Teh Noranis Mohd Aris1, Ningning Chen1, Norwati Mustapha1

  • 1Department of Computer Science, Universiti Putra Malaysia, UPM, Serdang, Selangor, Malaysia.

Plos One
|November 11, 2025
PubMed
Summary
This summary is machine-generated.

We introduce TPDEB, a dual experience replay framework for asynchronous distributed reinforcement learning.
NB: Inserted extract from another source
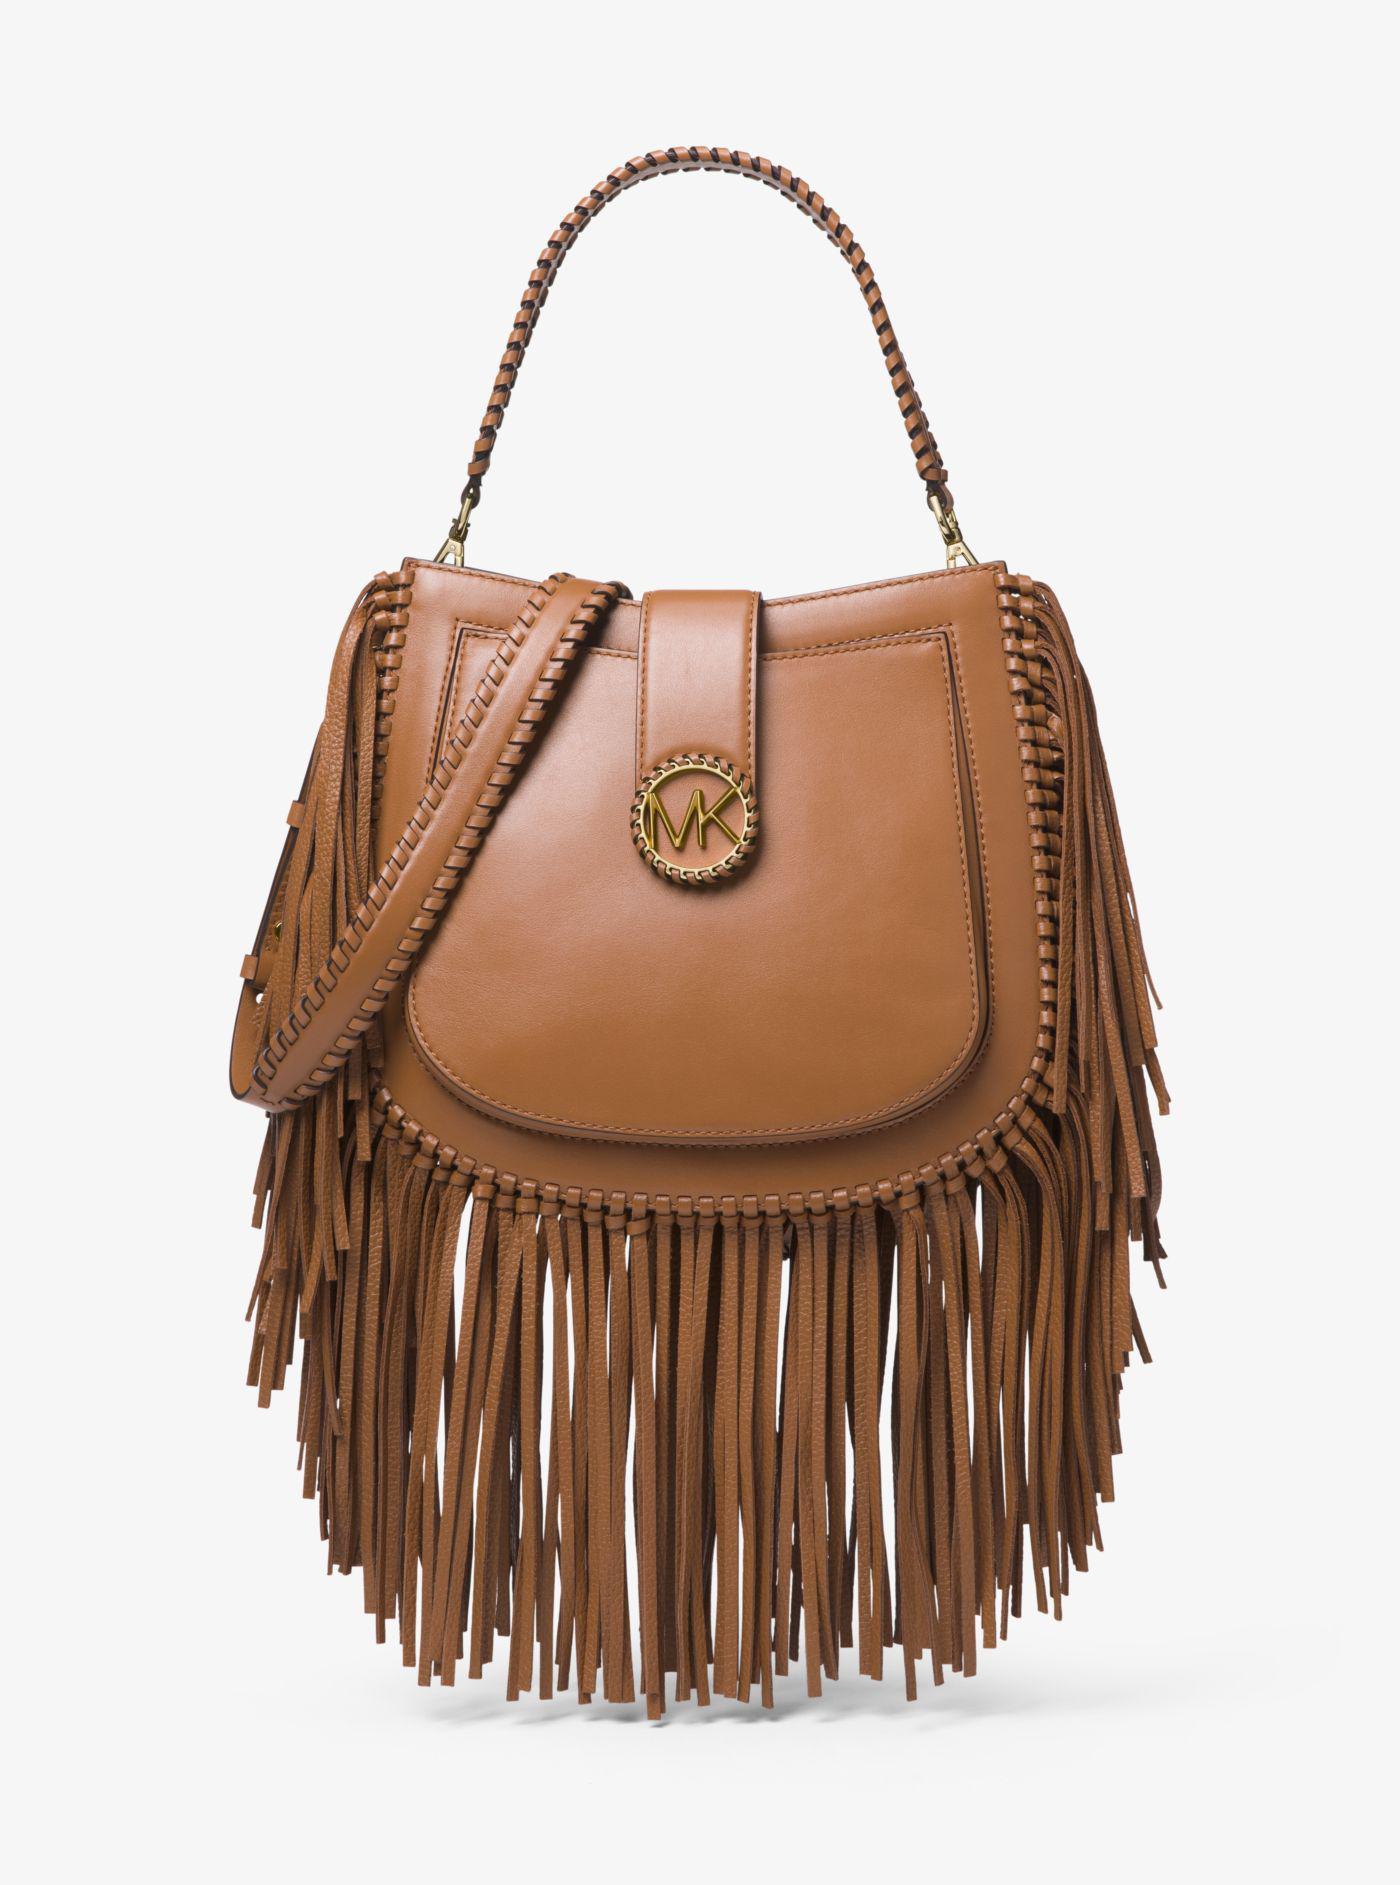 8c2c813dd76e1 ... germany lyst michael kors lillie medium fringed leather shoulder bag in  brown 28931 026fb

It enhances sample efficiency and policy stability, improving convergence speed and performance in continuous control tasks.

Related Experiment Videos

Area of Science:

  • Artificial Intelligence
  • Machine Learning
  • Robotics

Background:

  • Distributed reinforcement learning (RL) systems face challenges with sample utilization and policy stability due to network delays and asynchronous updates.
  • Existing methods struggle with robust learning under asynchronous conditions, limiting scalability in real-world applications.

Purpose of the Study:

  • To propose TPDEB, a dual experience replay framework designed to improve sample efficiency and policy stability in asynchronous distributed RL.
  • To enhance convergence speed and robustness in continuous control tasks.

Main Methods:

  • TPDEB utilizes a dual-buffer strategy combining standard and prioritized experience replay buffers.
  • It incorporates trajectory-level prioritized sampling for high-value experiences and KL-regularized learning to constrain policy drift.
  • The framework scales parallel actor replicas to collect diverse and redundant experience.

Main Results:

  • TPDEB demonstrated superior convergence speed and final performance compared to baseline distributed RL algorithms on MuJoCo benchmarks.
  • Performance gains were particularly notable under constrained actor-learner bandwidth conditions.
  • Ablation studies confirmed the effectiveness of trajectory-level prioritization and KL-regularization in improving learning.

Conclusions:

  • TPDEB offers a practical and scalable solution for asynchronous distributed reinforcement learning.
  • The dual-buffer approach and specific regularization techniques effectively address limitations in sample utilization and policy instability.
  • This framework significantly advances the robustness and efficiency of RL in complex control tasks.